Laman

Rabu, 30 Mei 2012

Edelweiss Hitam


Edelweiss Hitam
cerpen :Korie Khaeriah 

Kala cinta itu pergi, semuanya terasa tak berarti. Ketika sosok itu berlalu, mawar pun seketika layu. Hilang.. ya dia hilang. Seperti yang aku rasakan saat ini. Setelah tragedi itu semuanya harus berakhir . Cintaku, bahkan hidupku.

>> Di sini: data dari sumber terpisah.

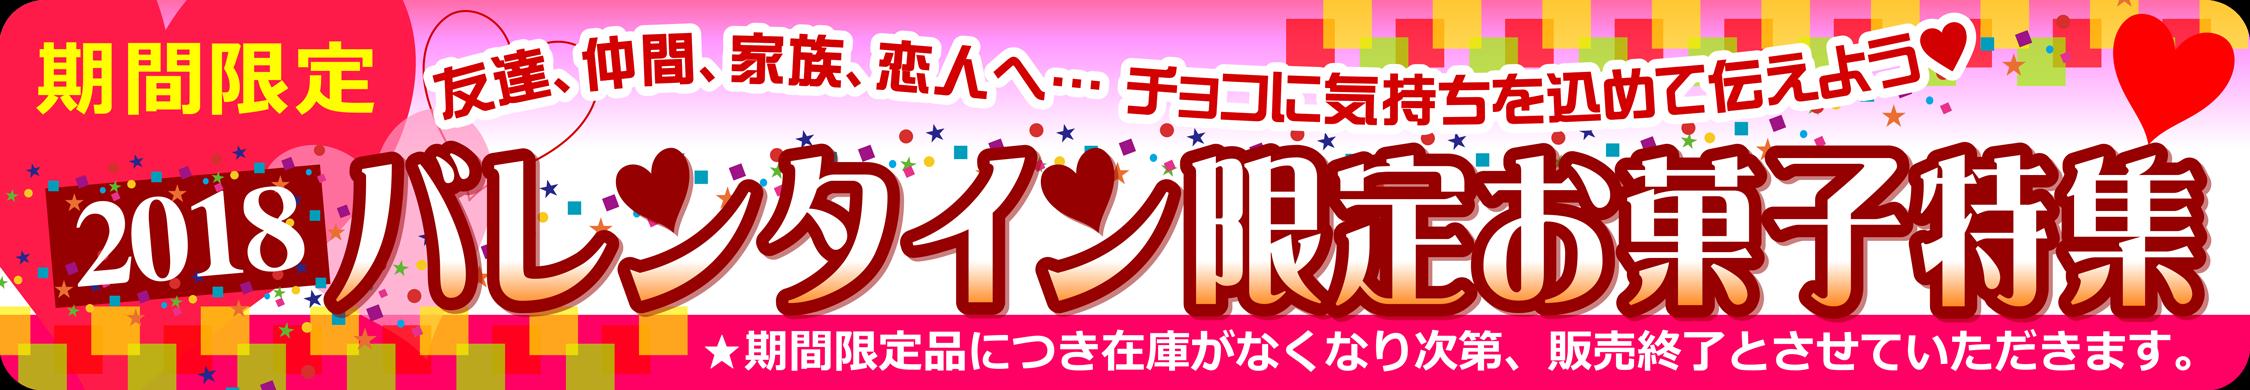 バレンタイン限定お菓子特集♡家族に、職場の仲間に、友達に♪チョコに気持ちを込めて贈りませんか♡
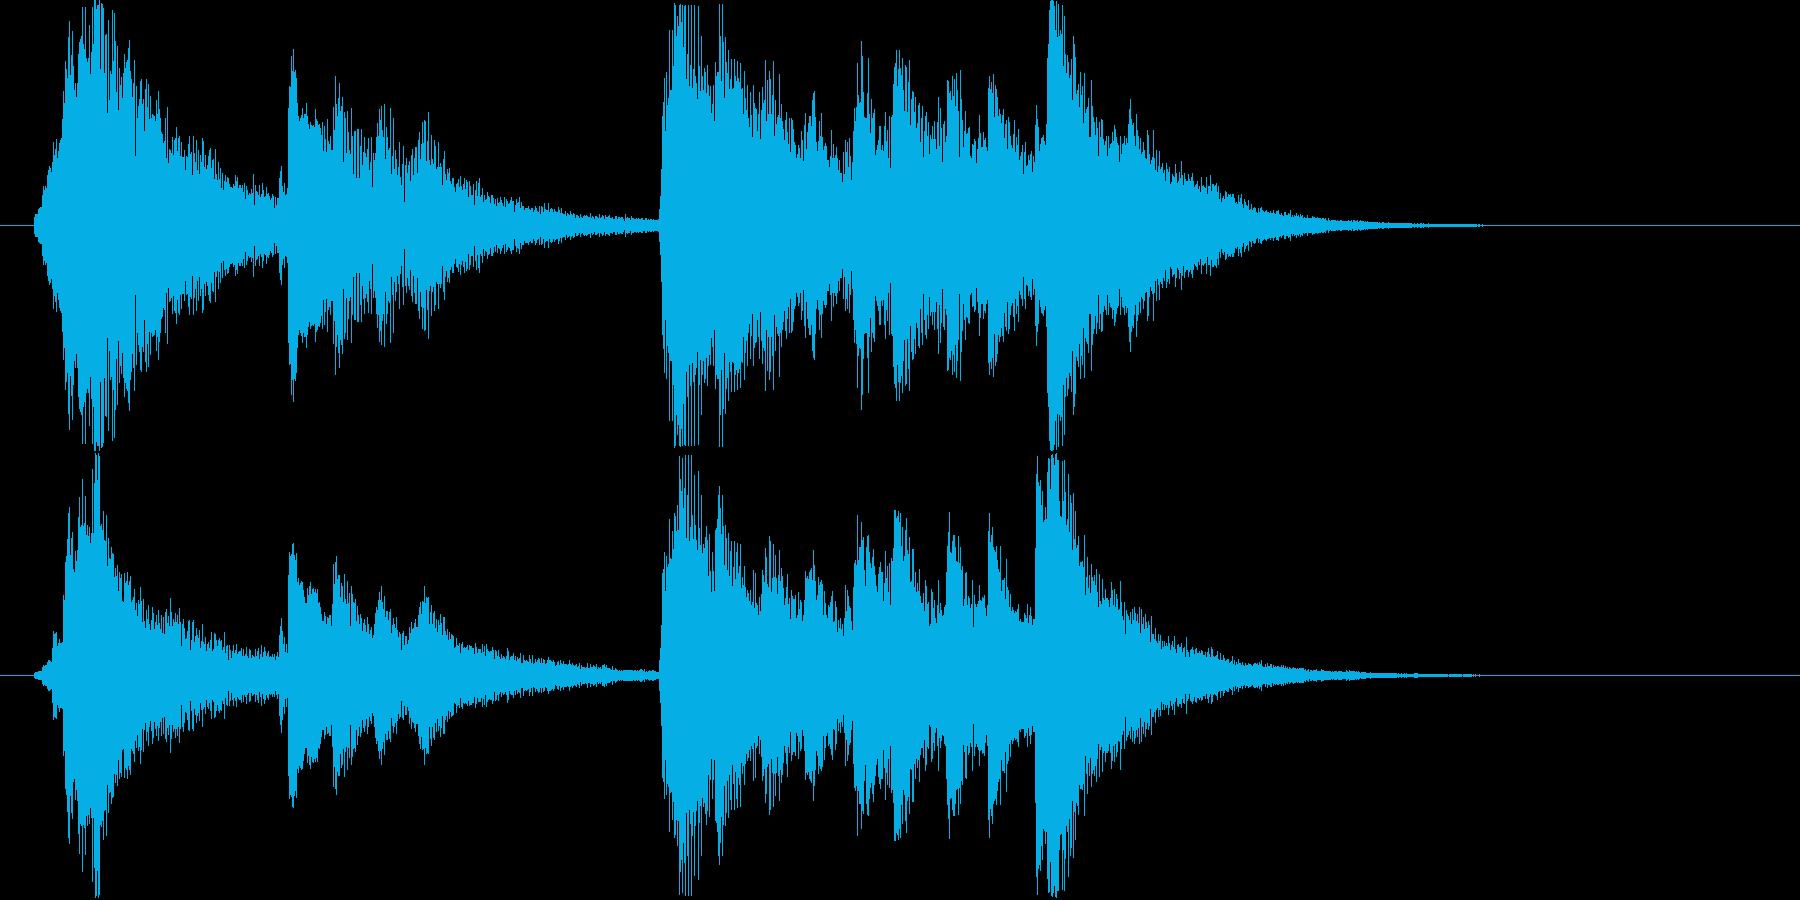 琴の和風ジングルの再生済みの波形

                “ Jreeennnggg…”
Petikan gitarnya menghentikan gerakan jemari tanganku. Itu sudah pasti Ardi. Dengan style nya yang khas ia selalu menyanyikan alunan lagu itu. Lagu lagu yang pernah membuatku kuat.
                “ Tita,Tita,Tita… Serius sekali anda ini, why so serius? Nikmatilah perkejaanmu, kerjakan dengan santai saja, tak perlu seserius itu, ingat itu, terimakasih dan salam super ”.
                “ Heummm kalau Pak Mario tahu dia punya fans  kaya kamu gitu, aku ngga yakin acara MTGW bakal langgeng ”.
                “ Ha? Kenapa emang? ”.
                “ Soalnya mereka khawatir,  bakal bermunculan fans –fans baru  yang sejenis kamu, haha”
                “ Ga asyik kamu Ta, wuuuuuh”.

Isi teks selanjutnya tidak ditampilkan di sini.